* _WORK ITEM_
Any picture in the data below gets skipped; print all the rest exactly.

* _SUPPLIED DATA_
────

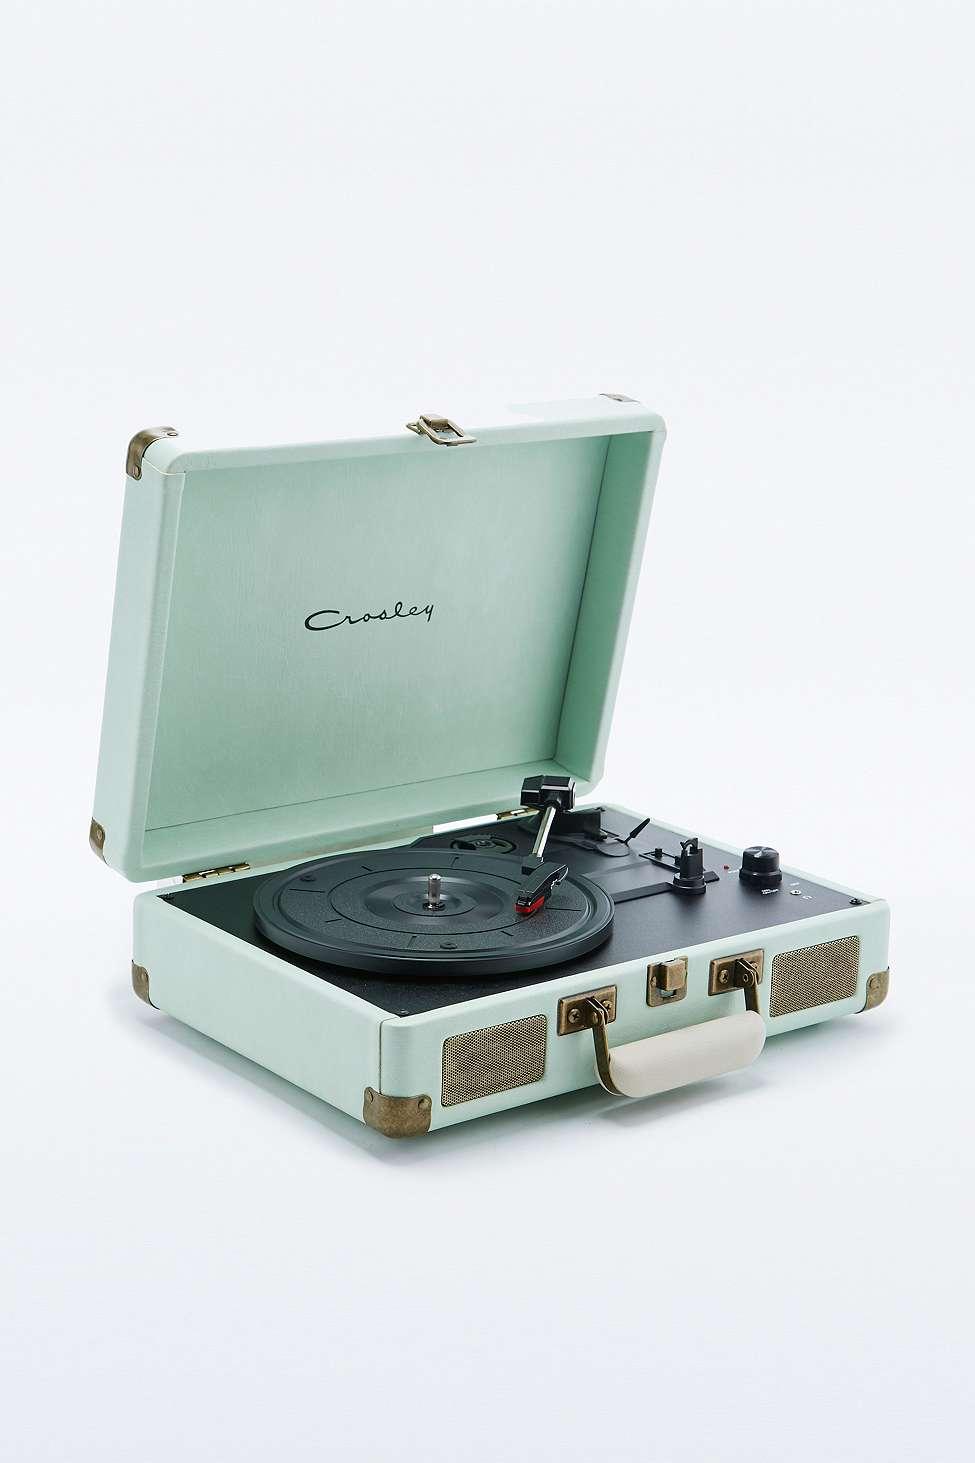 Tourne-disque Cruiser
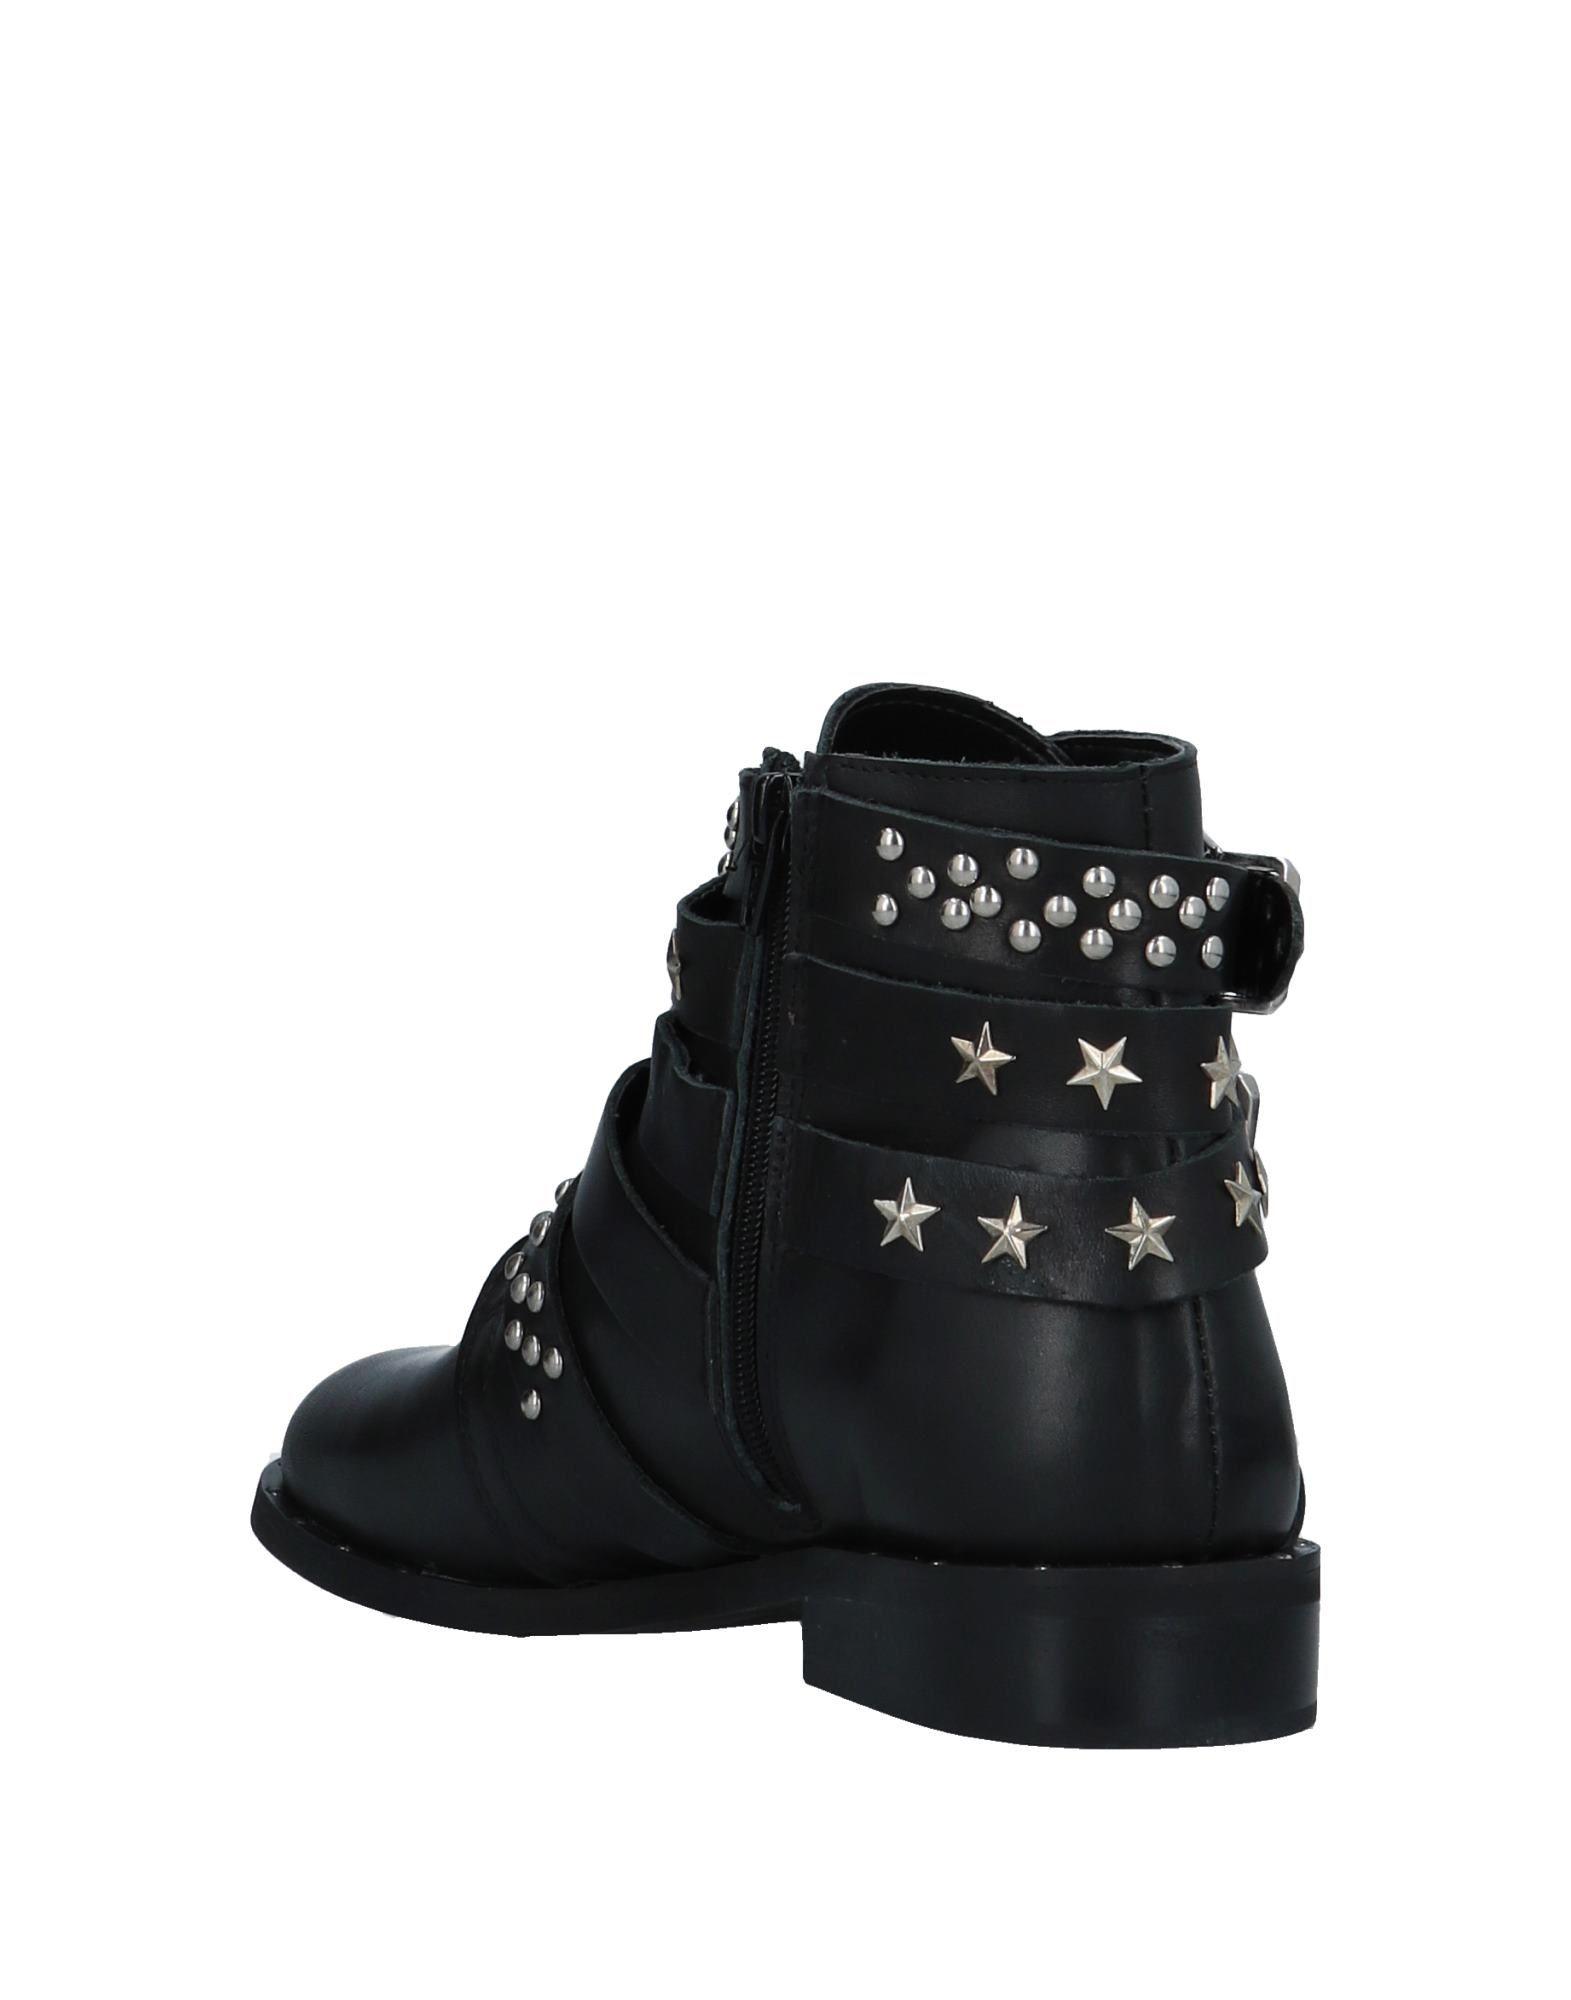 Stilvolle billige  Schuhe J.Born Stiefelette Damen  billige 11532866DU 0e4d93
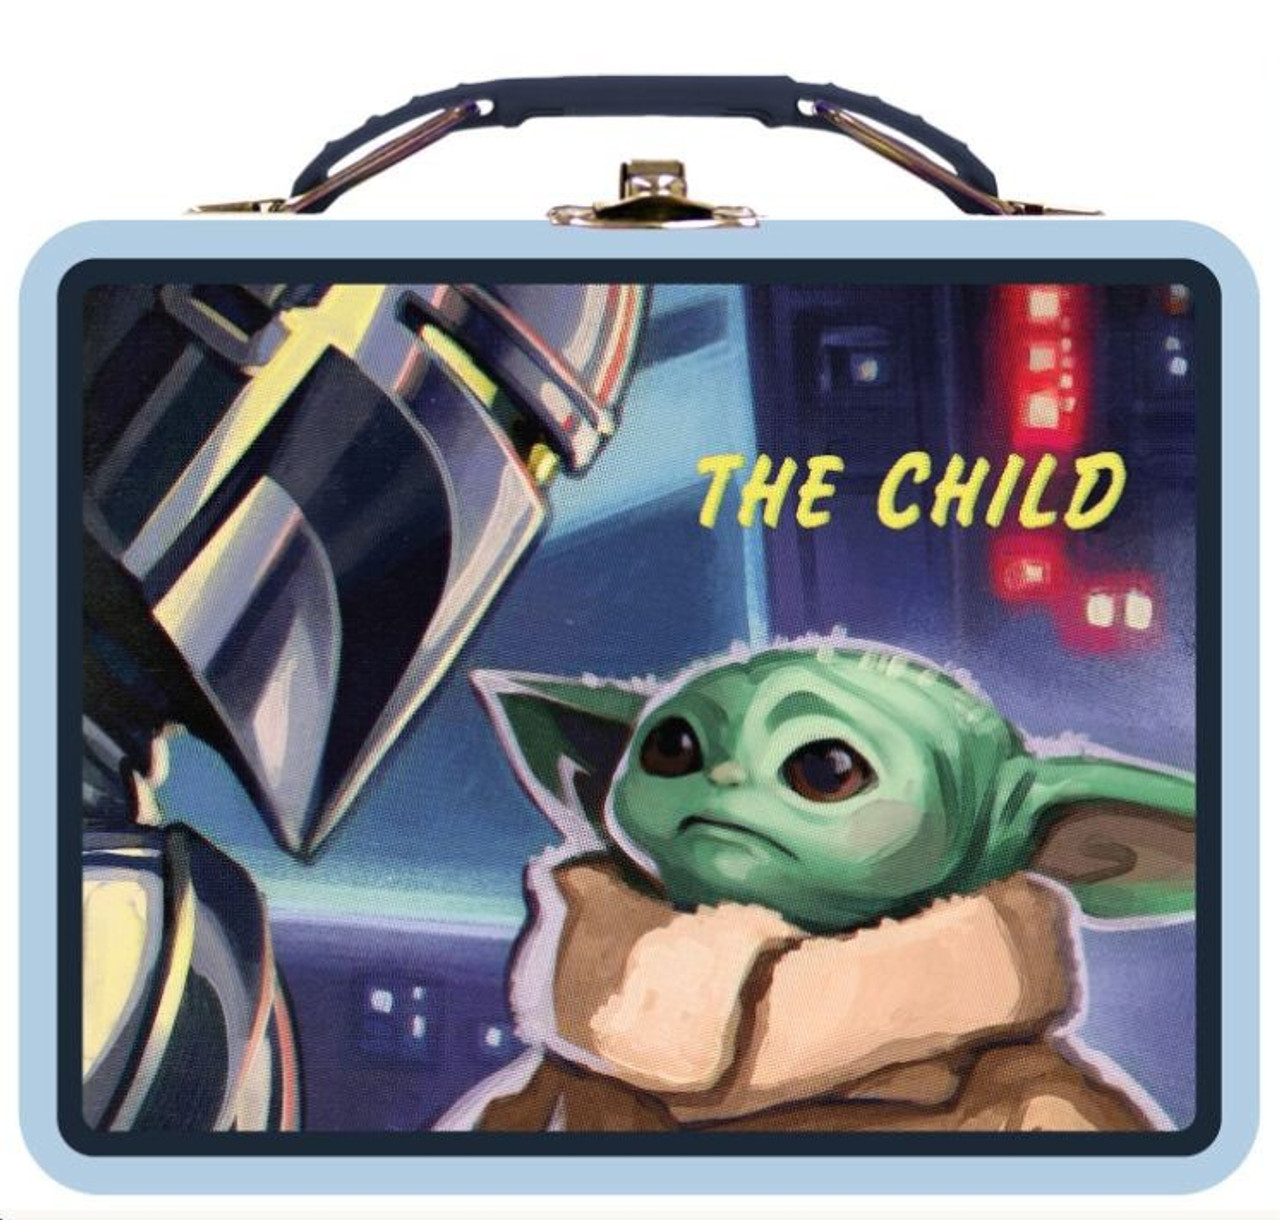 Star Wars Mandalorian The Child Baby Yoda in Pram Levitate Bag Backpack Clip

────

* _ANSWER BOX_
 Tourne-disque Cruiser
 Stilvolle billige  Schuhe J.Born Stiefelette Damen  billige 11532866DU 0e4d93
 Star Wars Mandalorian The Child Baby Yoda in Pram Levitate Bag Backpack Clip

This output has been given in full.